Monique's 34th Birthday, Turkish and Greek food
I was surprised to find a Turkish beer on the menu. Went especially well with the falafal, not so good with the salad. I find beer goes great with pizza, Chinese and Indian food in general, and some Japanese deep fried food like Tempura and Ton Katsu, but not salads. This "village salad" called Coban Salatsi, however was extraordinary Similar ingredients to a Greek salad, except the Italian parsley I ask my server if the cheese is different from a Greek salad and he says yes, along with the spices. This reminds me of the Greek salad I had at Milos in Vegas back in February, and that's a Greek place aspiring to be one of the top fish restaurants in the world. They succeed because of their olive oil, it seems to me. This place succeeds for a variety of reasons. It's hard enough to know whether it's their special olives, special oil, special vegies or just something Turkish that makes the salad so memorable. I bring some home to Fumiyo who can't taste much these days but does enjoy the food.
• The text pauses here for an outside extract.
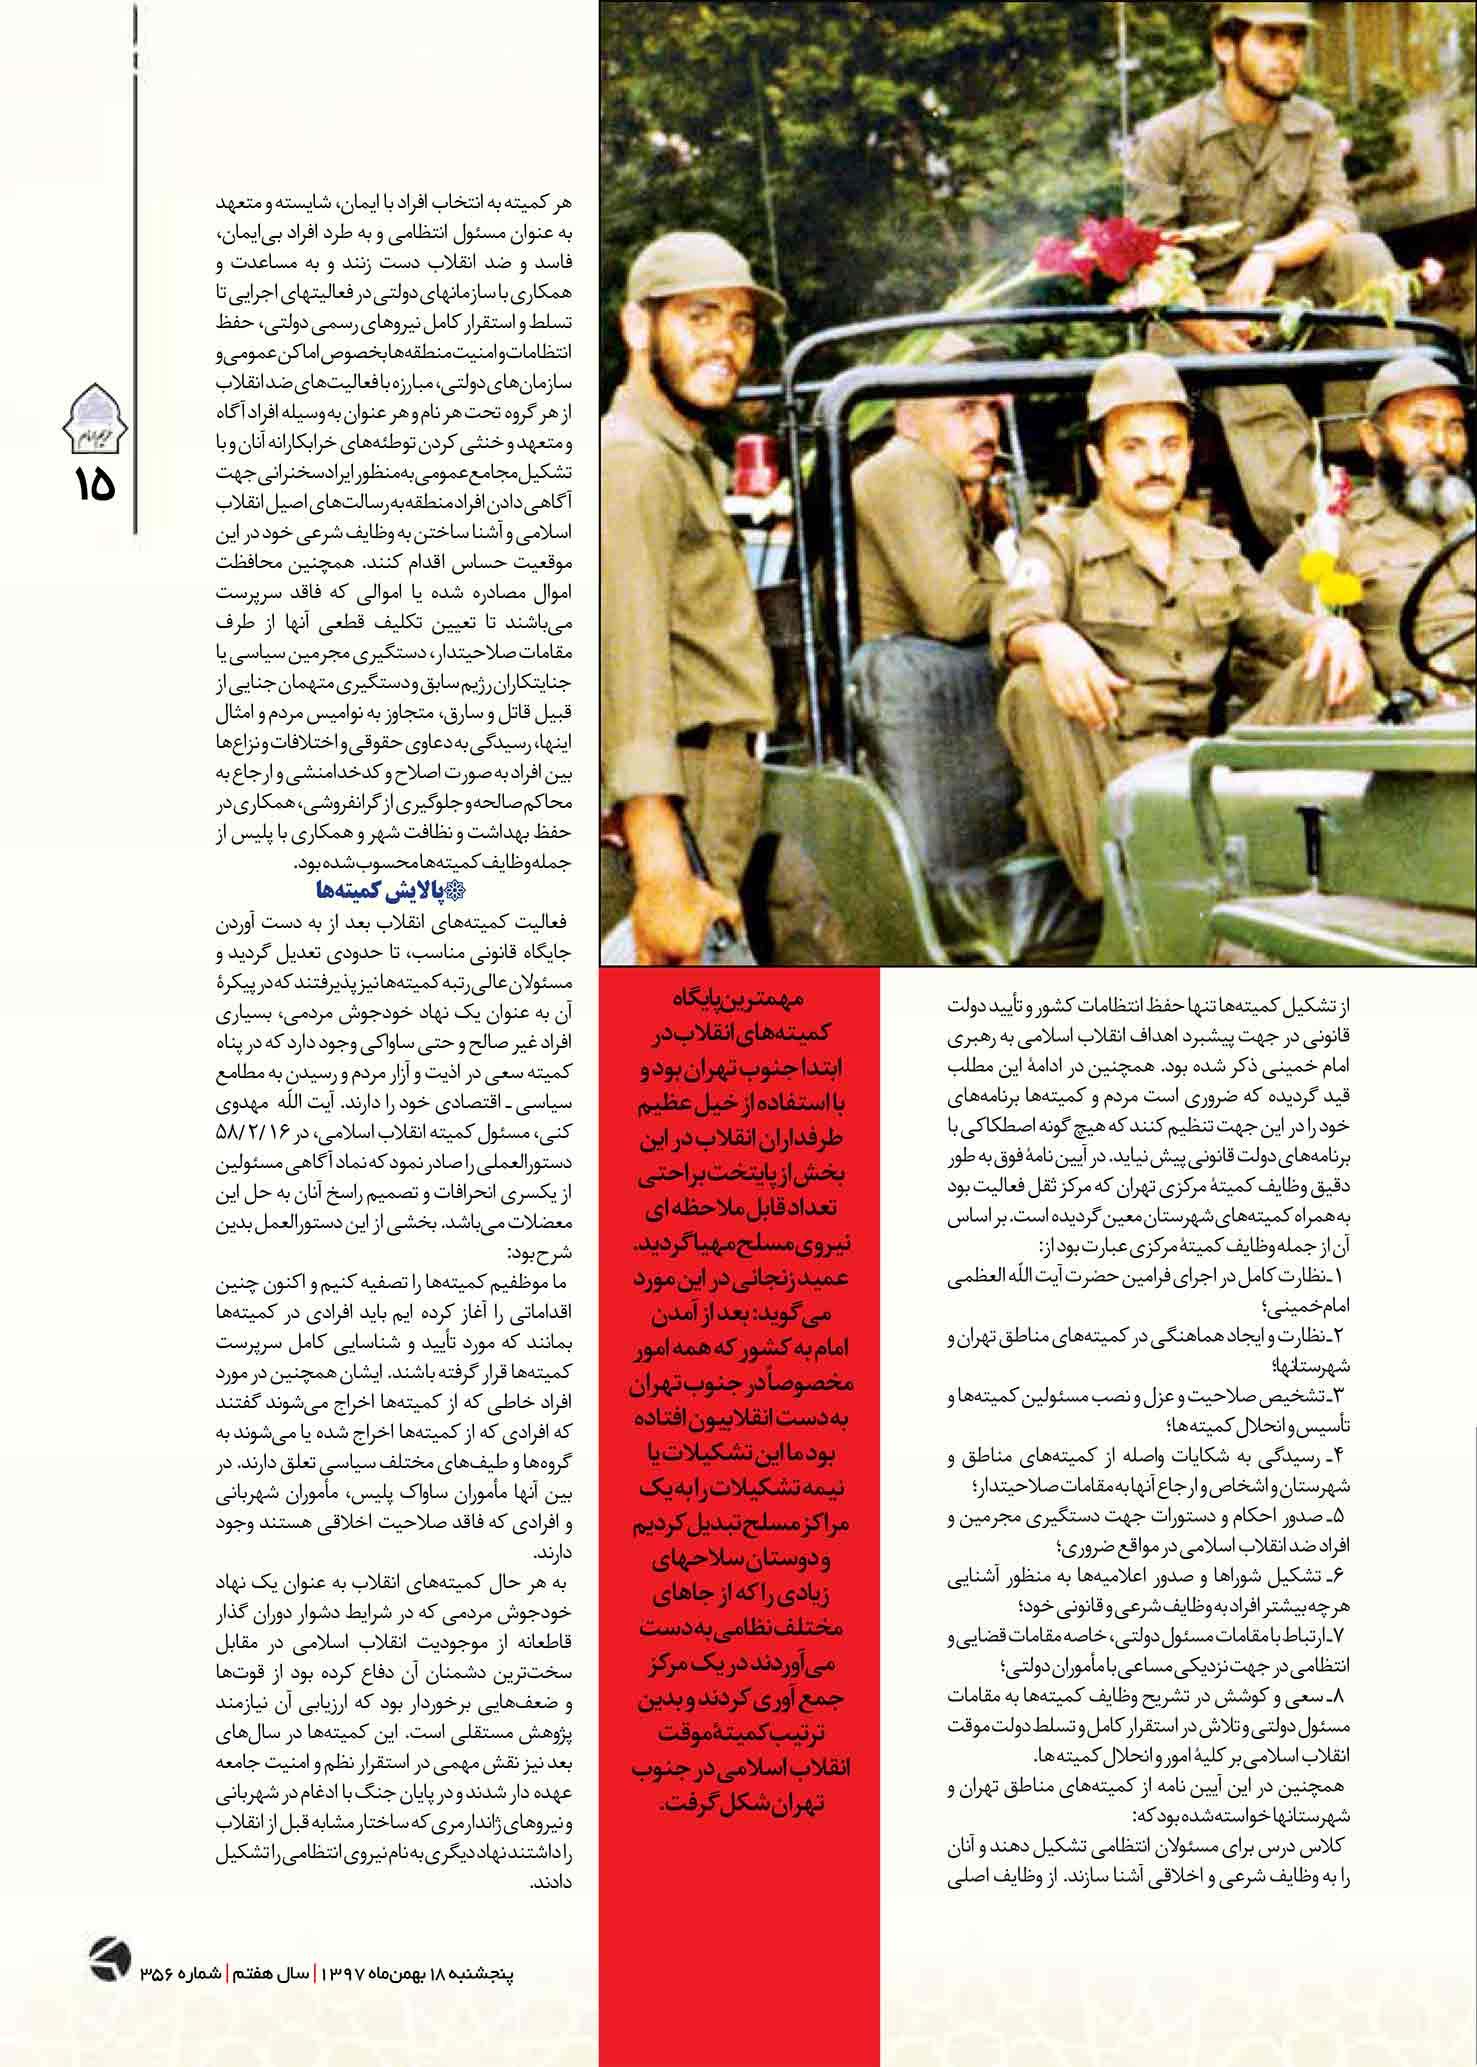 D:\خلوجینی\New folder\@harim_emam356-15.jpg

The following day we celebrate our daughter's birthday with her friends and her favourite local Greek restaurant, Mythos. Although I've been to Mythos more than any other restaurant in town, I'm usually not recognized but tonight, I'm greeted as if I were family. Maybe Bit's spirit is animating the restaurant tonight. I know she loved going to good restaurants, in the last years of her life. I always orders the eggplant stuffed with crab as it's always great. Fumiyo has the lemon soup and our friends try their meatier dishes. I order the squid stuffed with cheese which is a revelation to me, though Fumiyo remembers we'd ordered it by mistake before. I think it's the quality of the cheese, like the Turkish salad and the great lunch at Milos. Cheese is one of my favourite things and marrying it to squid, not something I would have considered, is obviously something the Greeks and Turks have long experimented with. All in all, a splendid meal Bit would have thoroughly enjoyed.